## [WHAT YOU ARE ASKED TO DO]
All that is wanted is the exact text of the lines below from the one with "De Grissogono Diamond Ring 18K White Gold" through the one with "Model number: 55052/01", inclusive, minus any pictures.

## [INFORMATION PROVIDED]
::::::
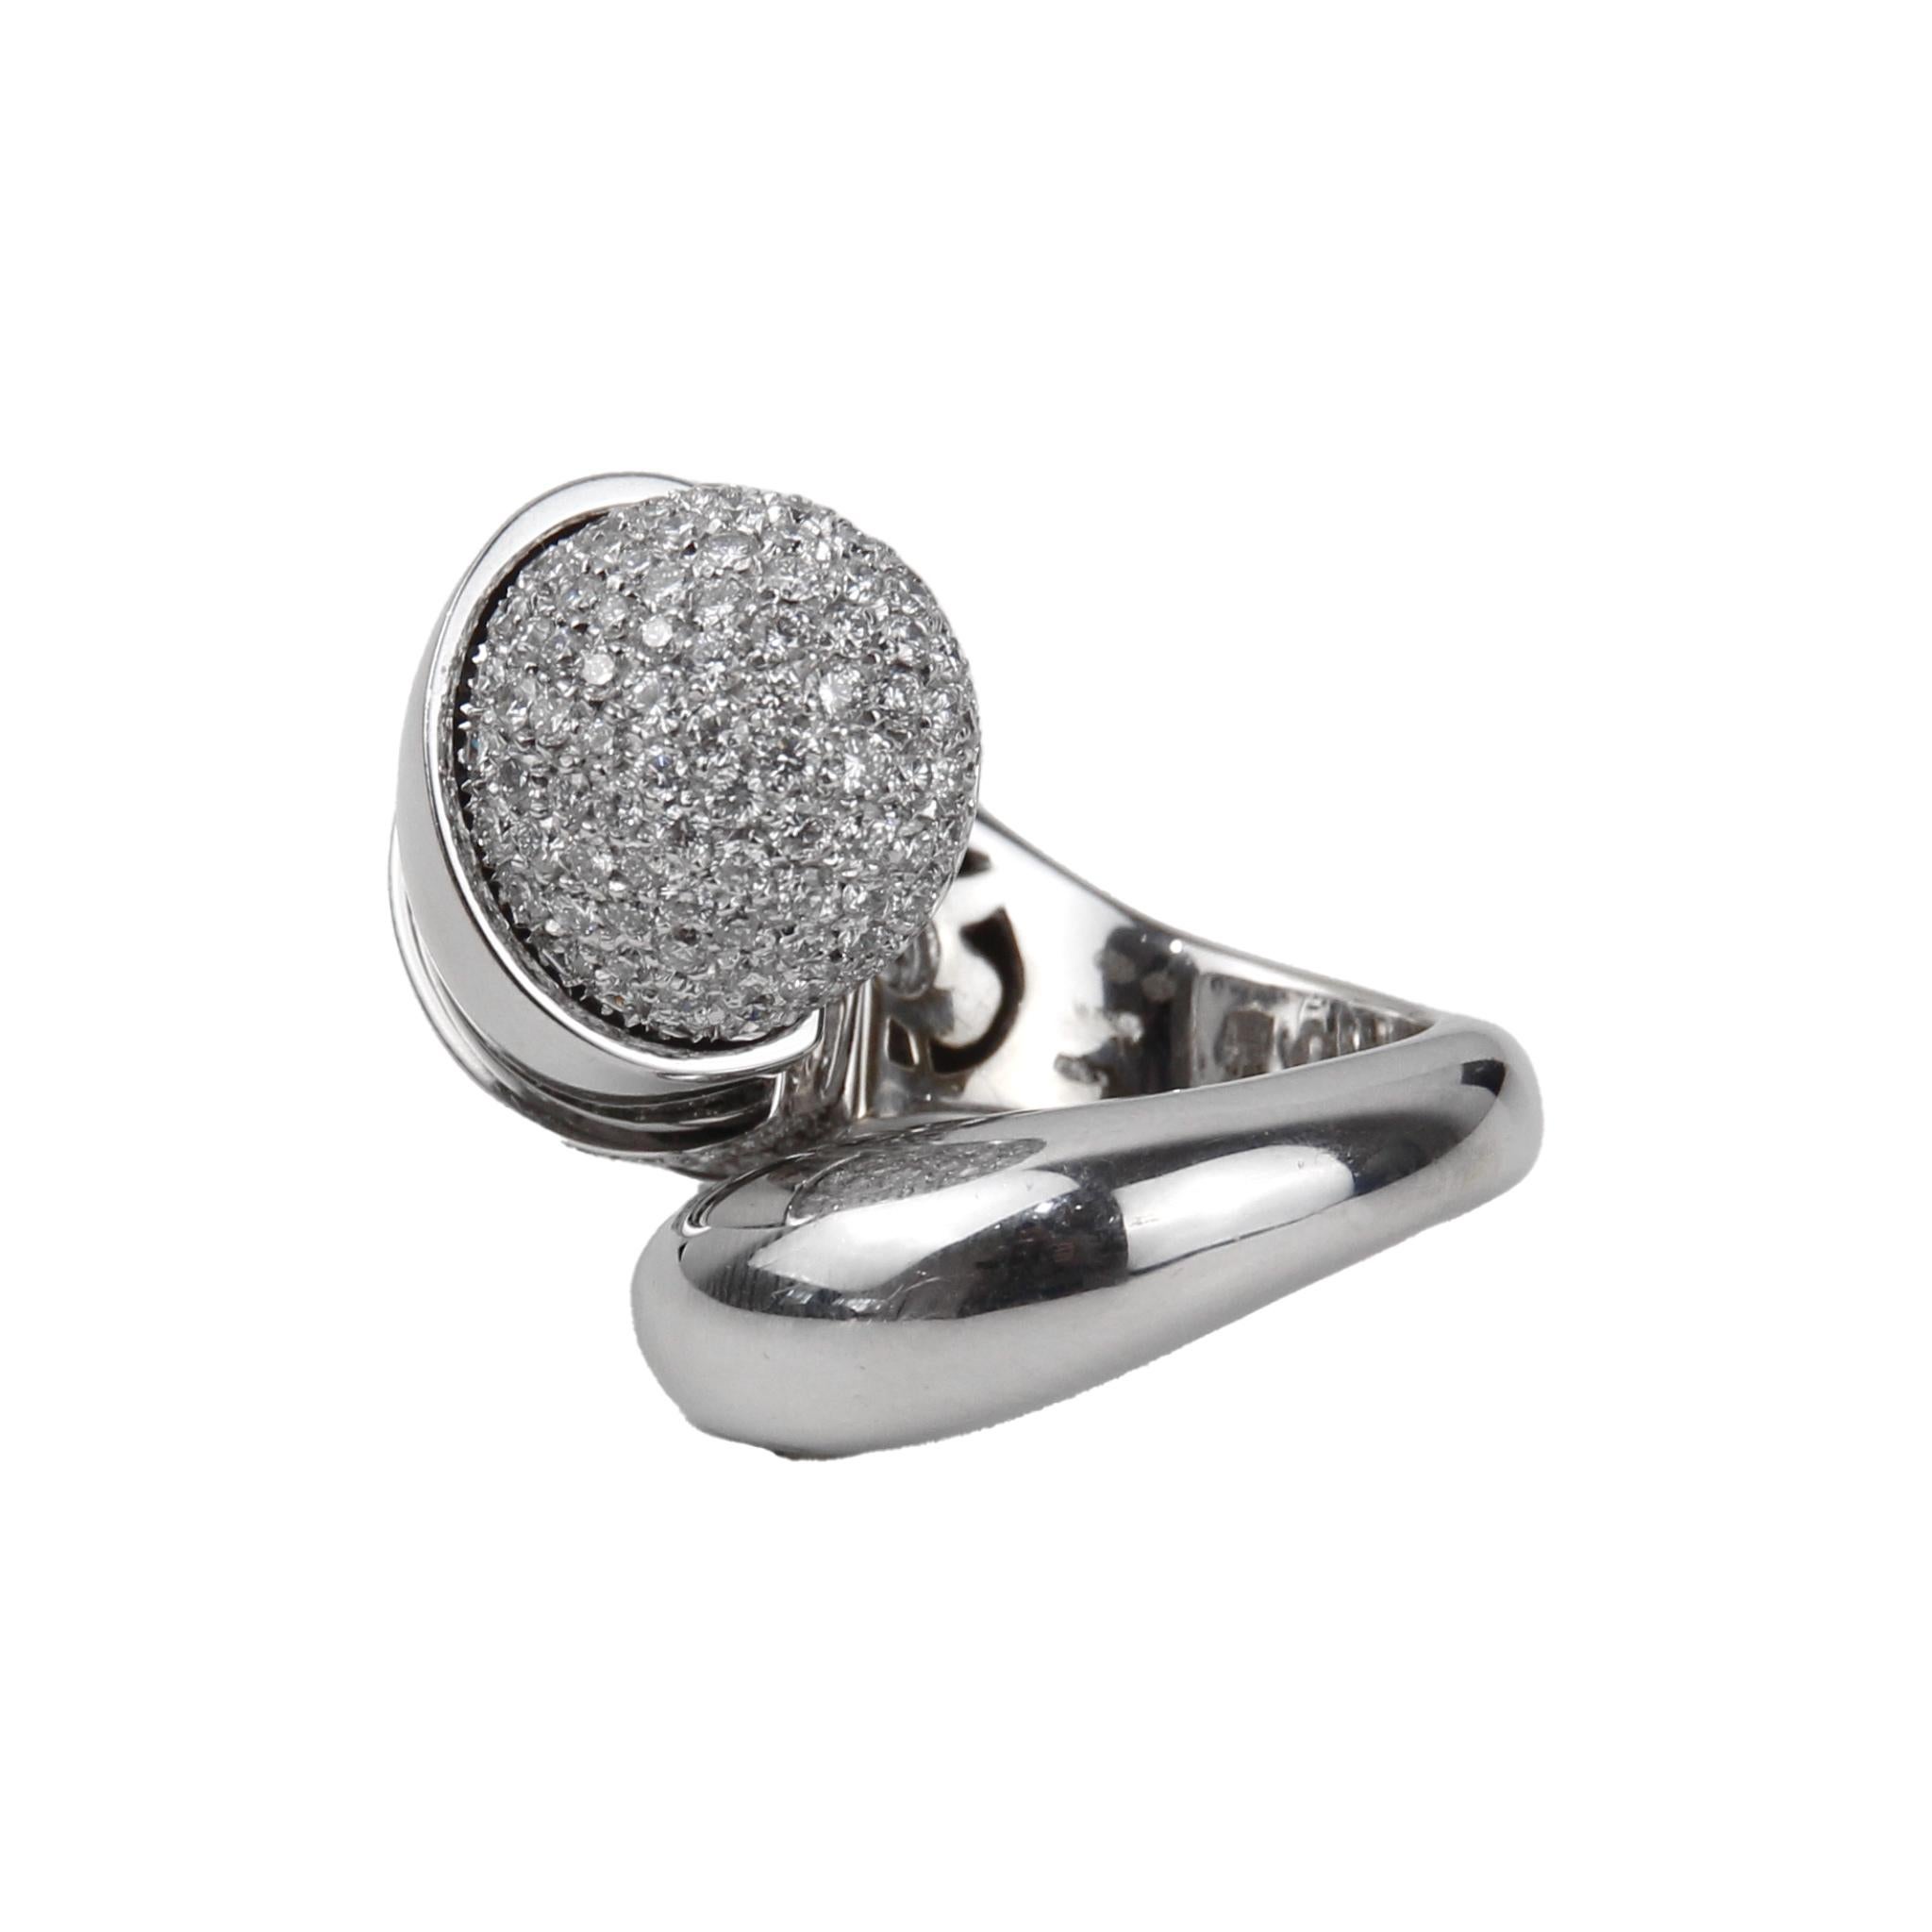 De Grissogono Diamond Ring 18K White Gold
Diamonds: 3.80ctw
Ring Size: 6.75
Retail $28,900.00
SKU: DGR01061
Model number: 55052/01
::::::
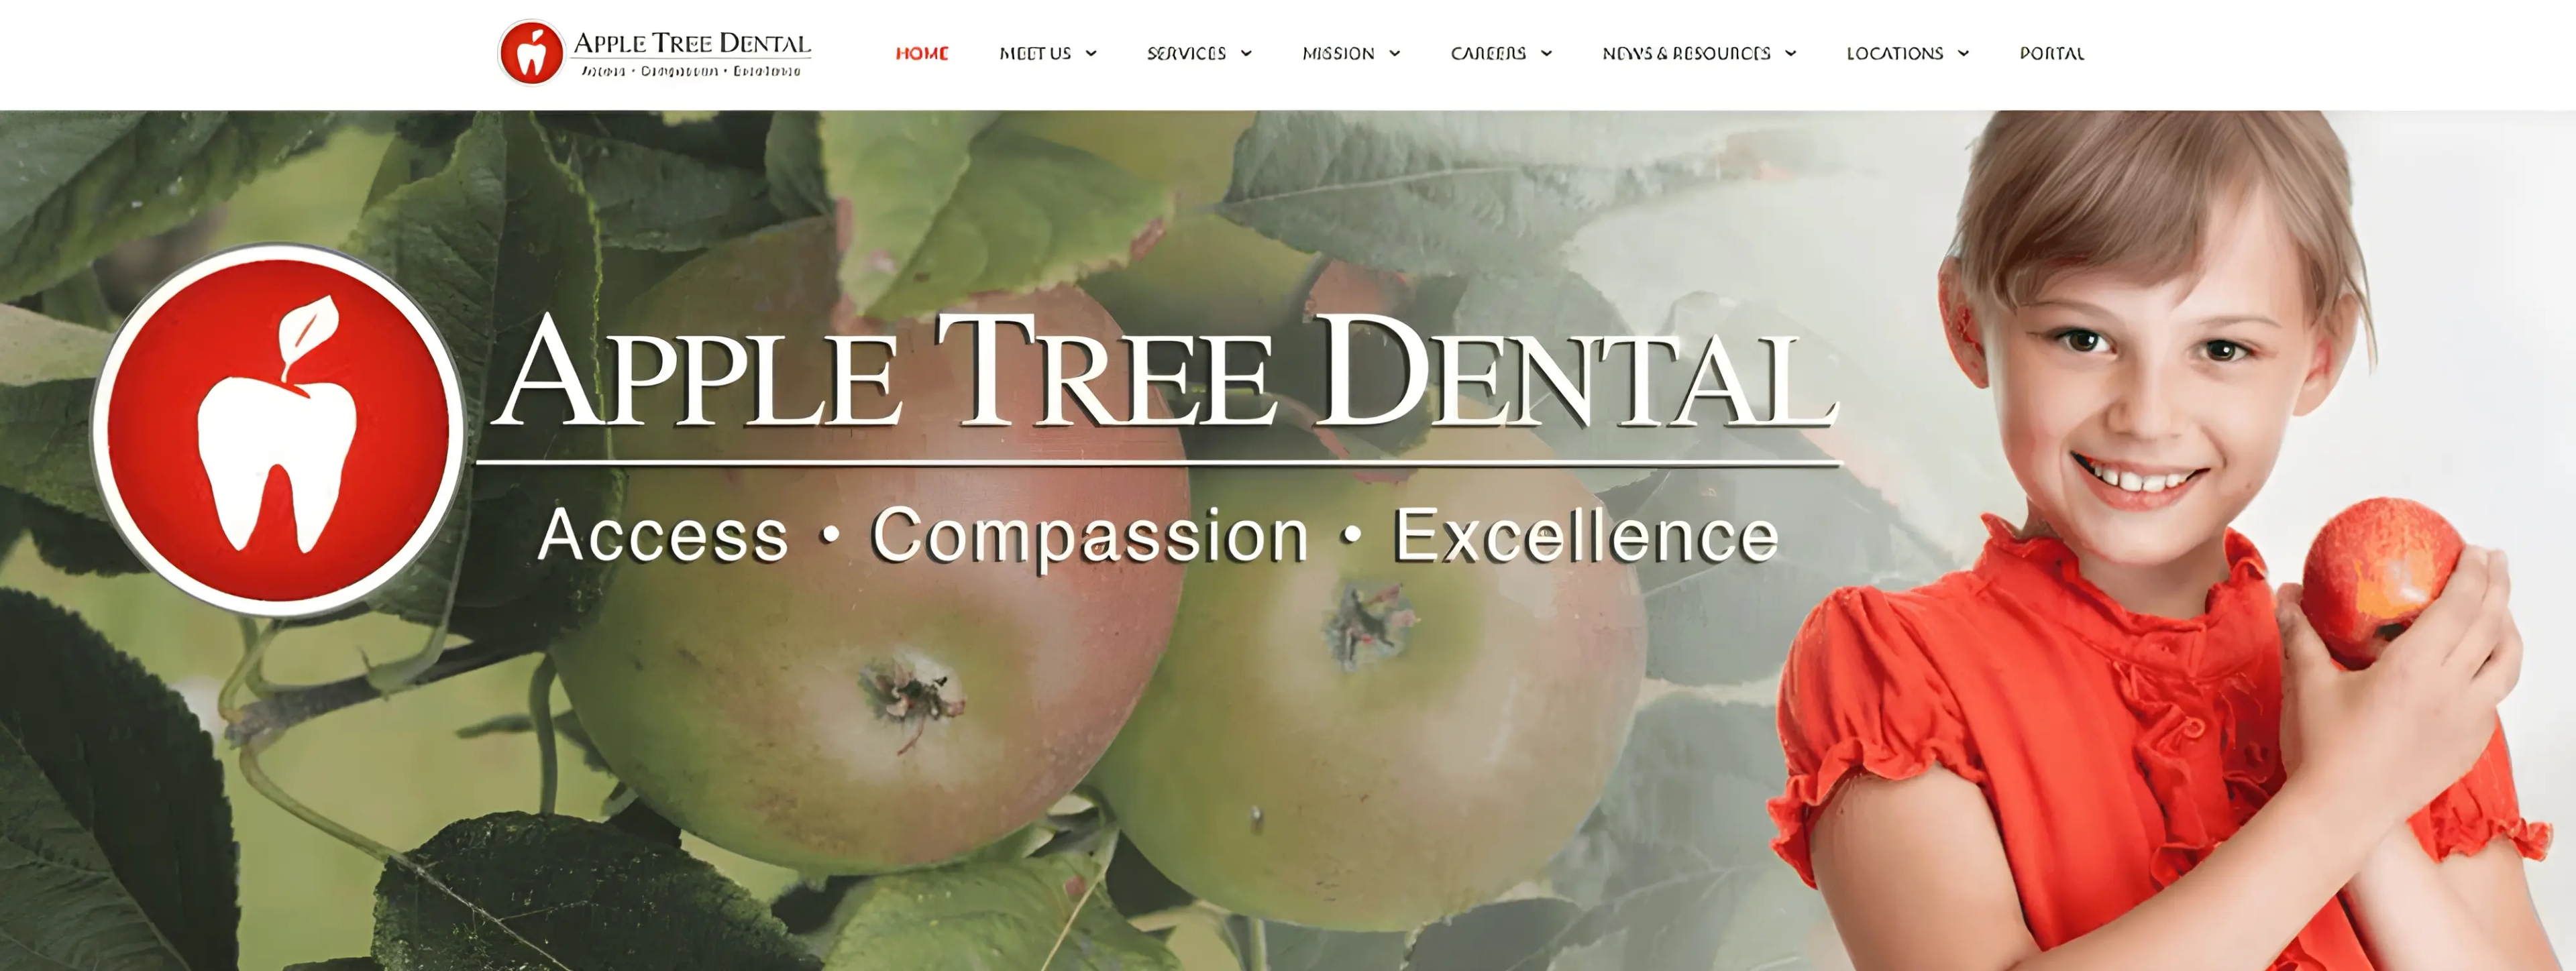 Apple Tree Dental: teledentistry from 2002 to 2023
::::::
## [SOLUTION FOR THIS PROBLEM]
 De Grissogono Diamond Ring 18K White Gold
Diamonds: 3.80ctw
Ring Size: 6.75
Retail $28,900.00
SKU: DGR01061
Model number: 55052/01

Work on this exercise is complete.